The worrying thing is, Drunk!Steven actually does feel that, right at this moment. It’s the alcohol talking, but he’s having some kind of nationalistic epiphany, and Marc doesn’t know if he should just let it happen or not.

“They do like you,” Layla coos. “Apart from all the antiquity looting.”

“But we can’t give those back because then all of the worlds’ museums would need to and there’s not always the infrastructure to preserve them and you can’t take the Marbles back! I’m sorry, Layla, but we’re going to have to disagree!”

That seems to temper him down a little, which was likely Layla’s plan. The conflicted self-loathing and pride mingle again, and Steven snuffles into the bowl of chips (crisps, whatever) that he’d forgotten about.

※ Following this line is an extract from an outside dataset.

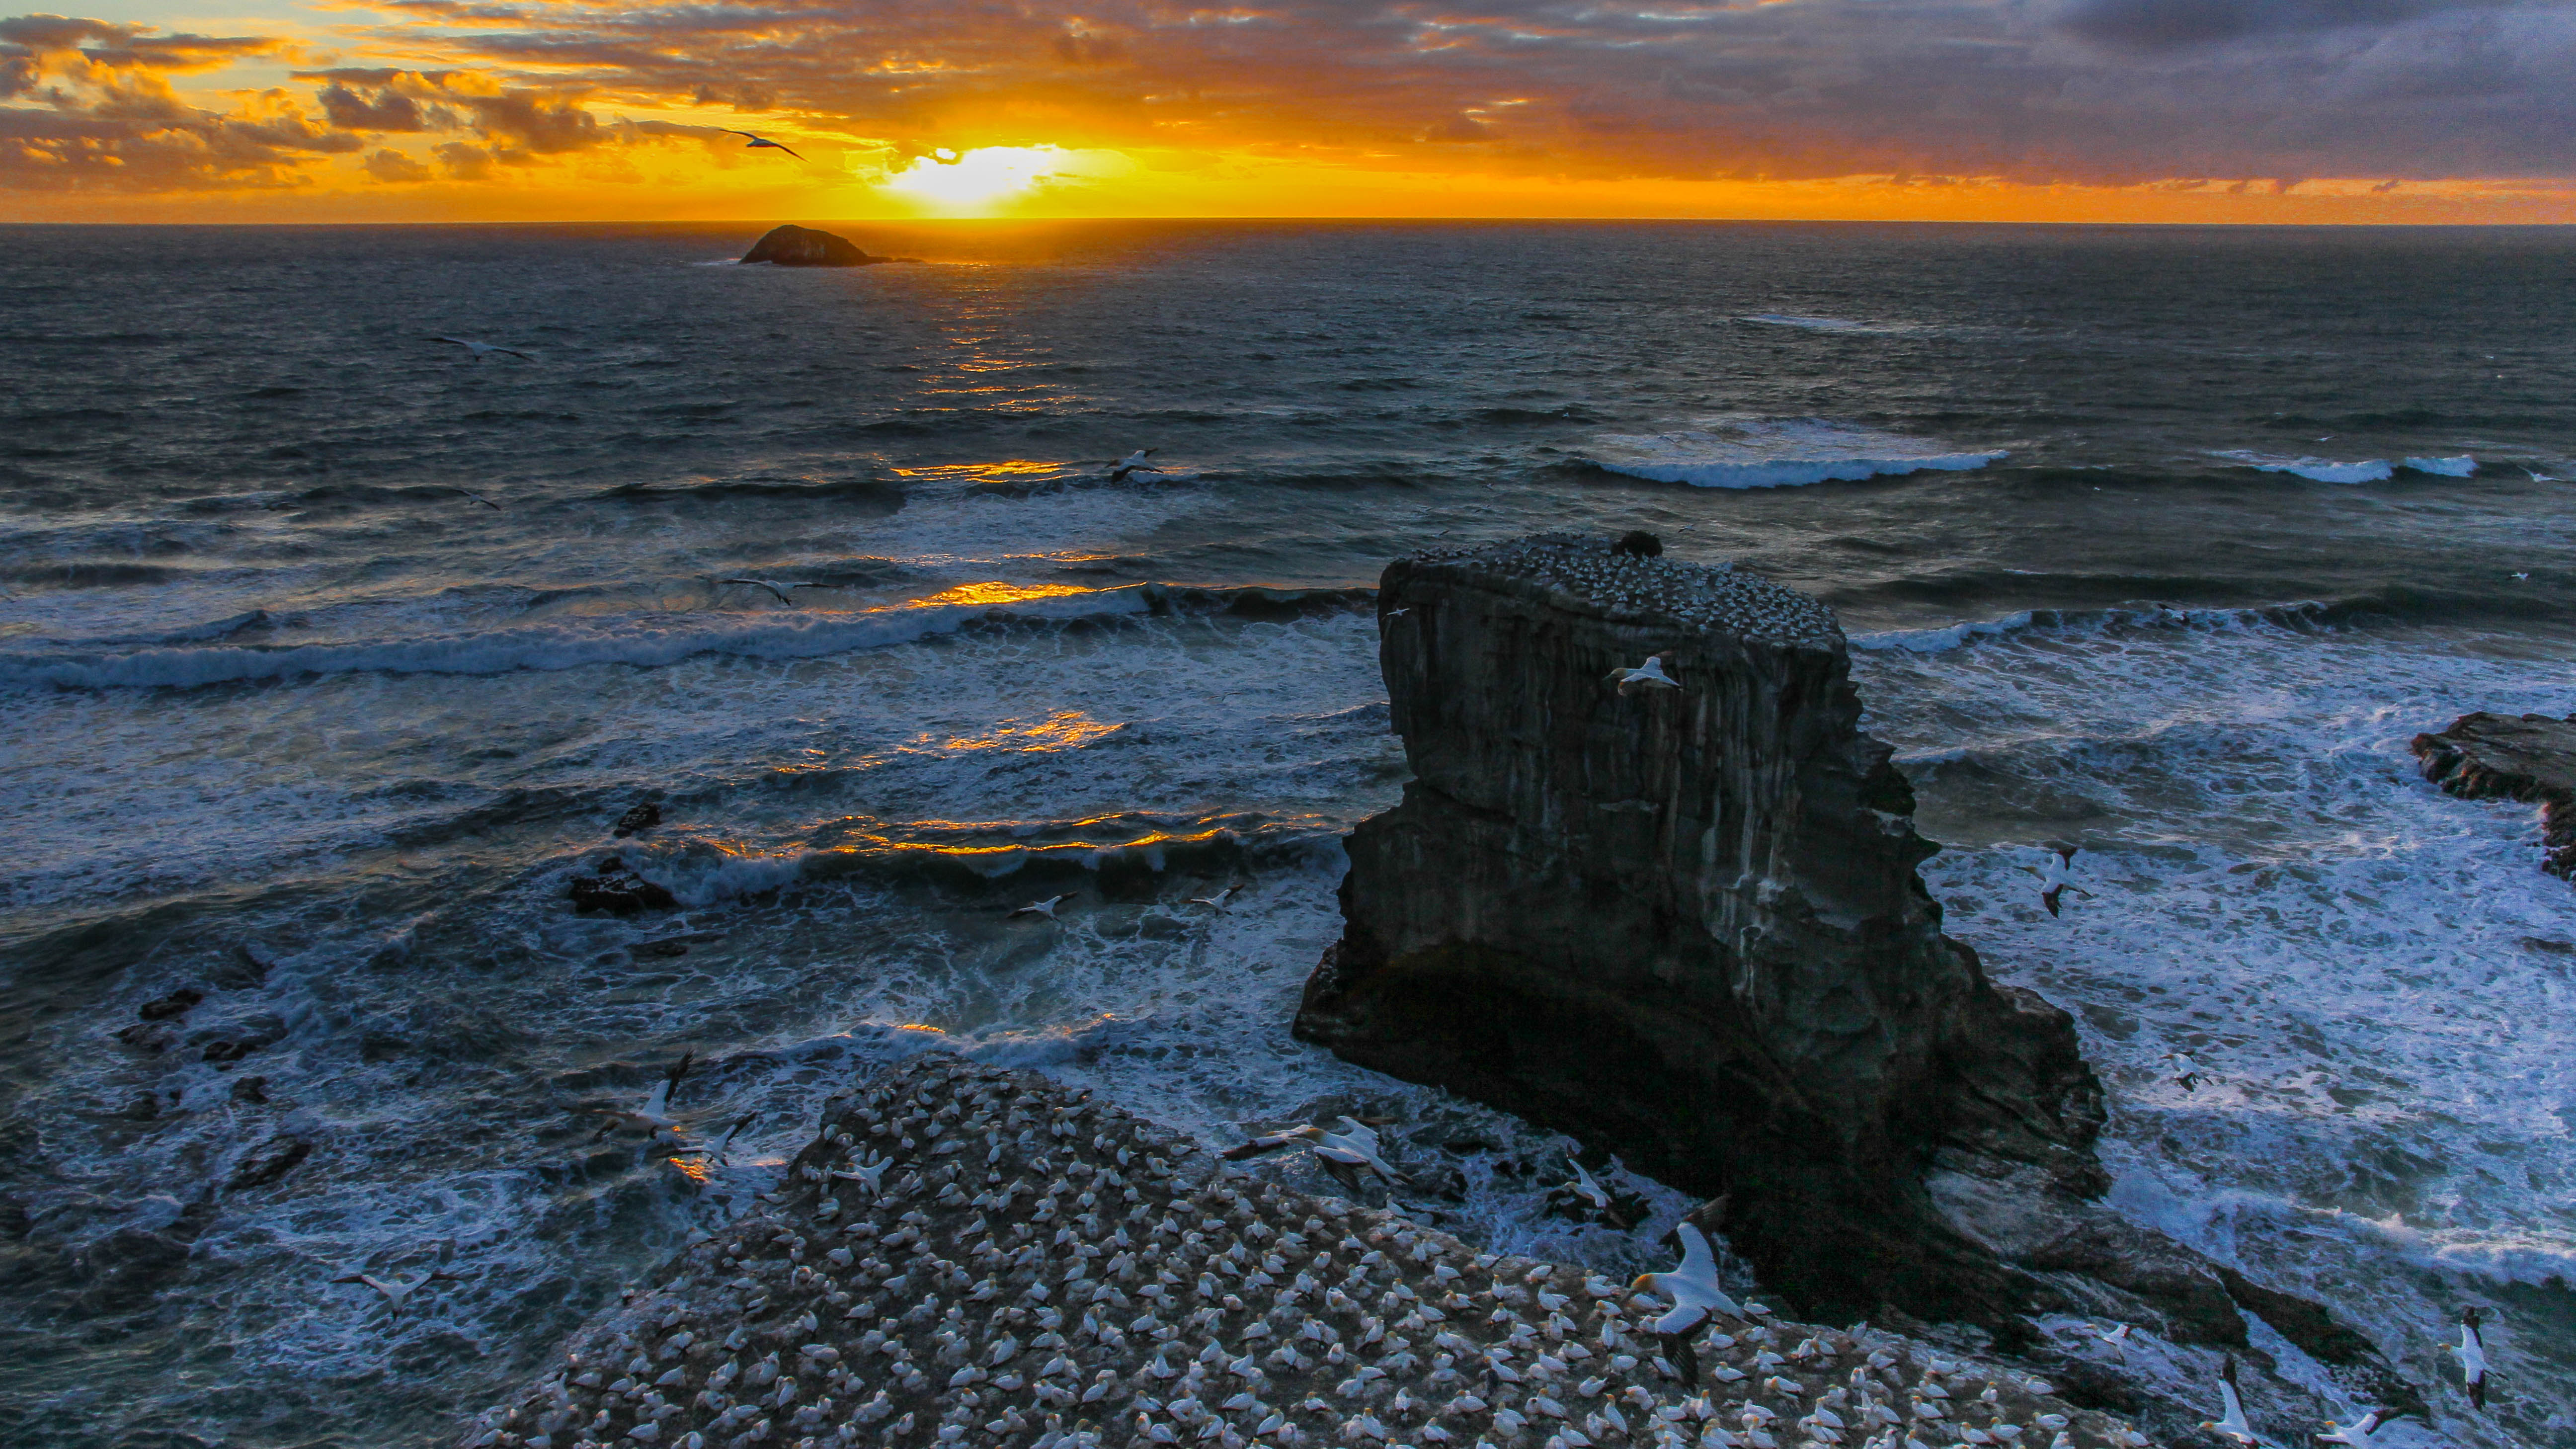 NZ Auckland Muriwai Gannet Colony Sunet 06.jpg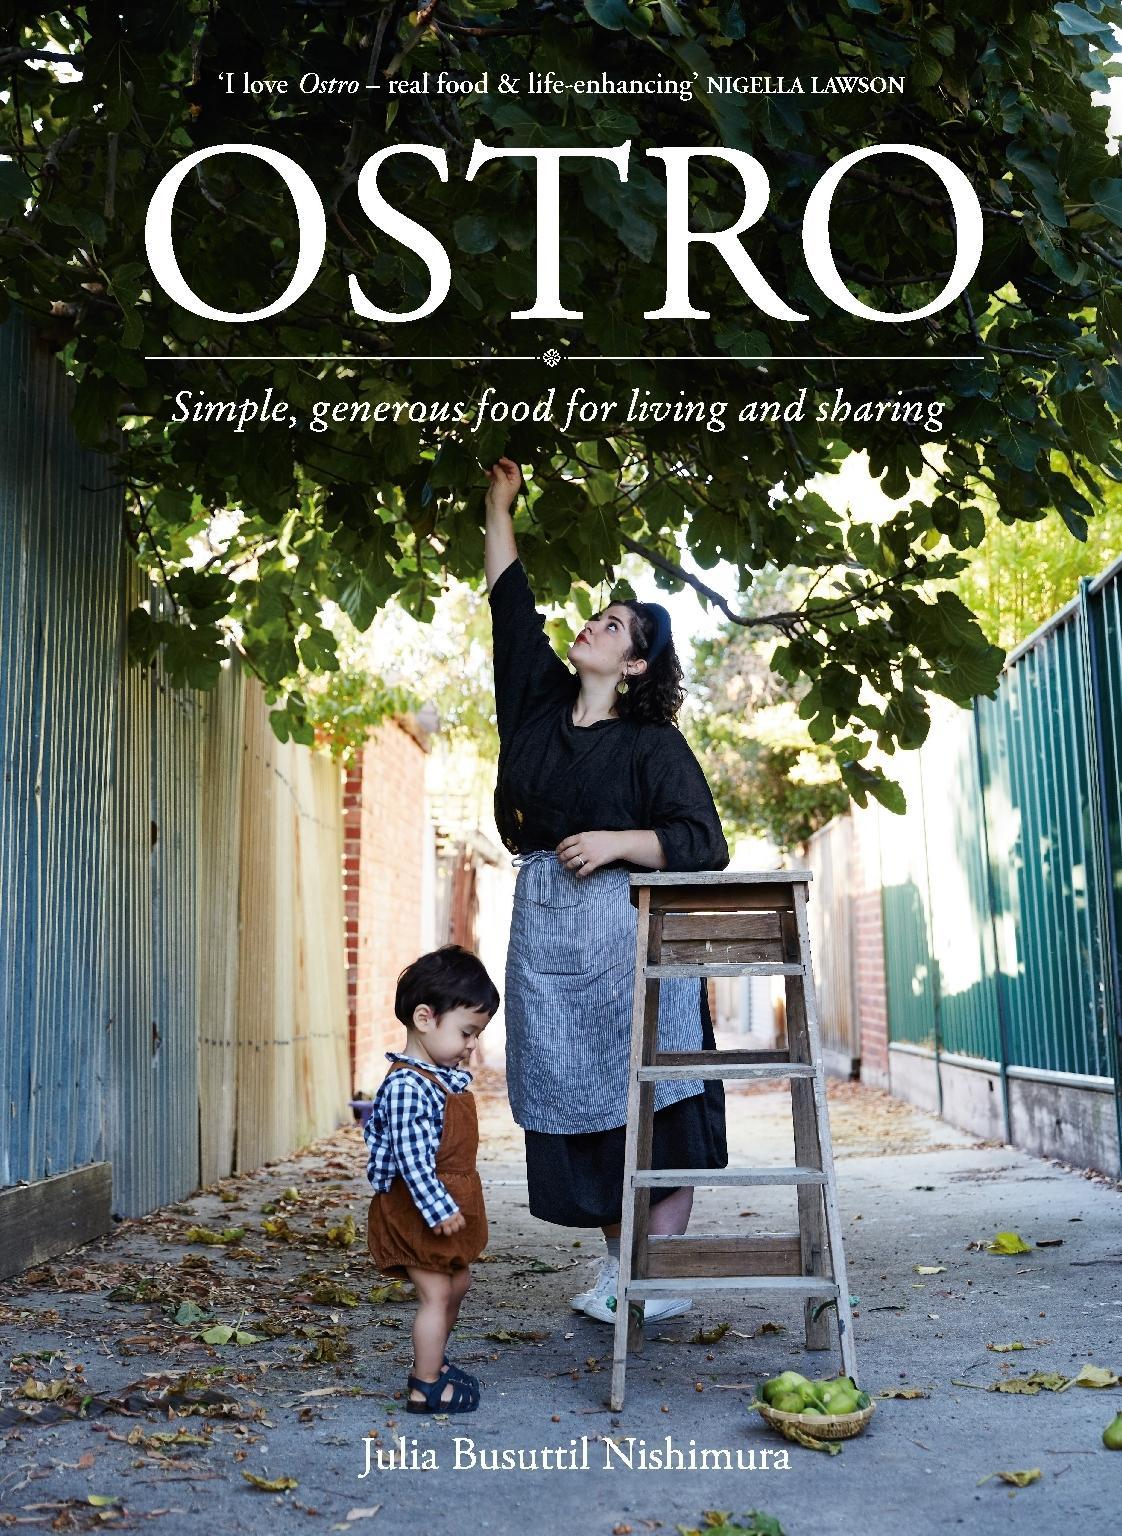 Ostro: Simple, Generous Food for LivingandSharing

“It’s alright. I’ll just take my stuff instead.” Layla pats his arm. “And I can’t wait to hear what Marc’s costume is going to be for his entry next year.”

“It will be amazing,” Marc insists. “I’m just going to dress up as Moon Knight and destroy fake historical artefacts with a flamethrower and scream in Cockney Rhyming Slang about how much Britain sucks.”

“I will kill you and everything you’ve ever loved, other than Layla,” Steven threatens. “And your Cockney accent is shit.”

“Better than you trying to cross the Pond.” Marc clucks at him. “Now, shush. I want to see who wins.”

Okay. Maybe he did like it, after all. Even if Steven needs smelling salts for his vapours. Next year, Marc will be prepared.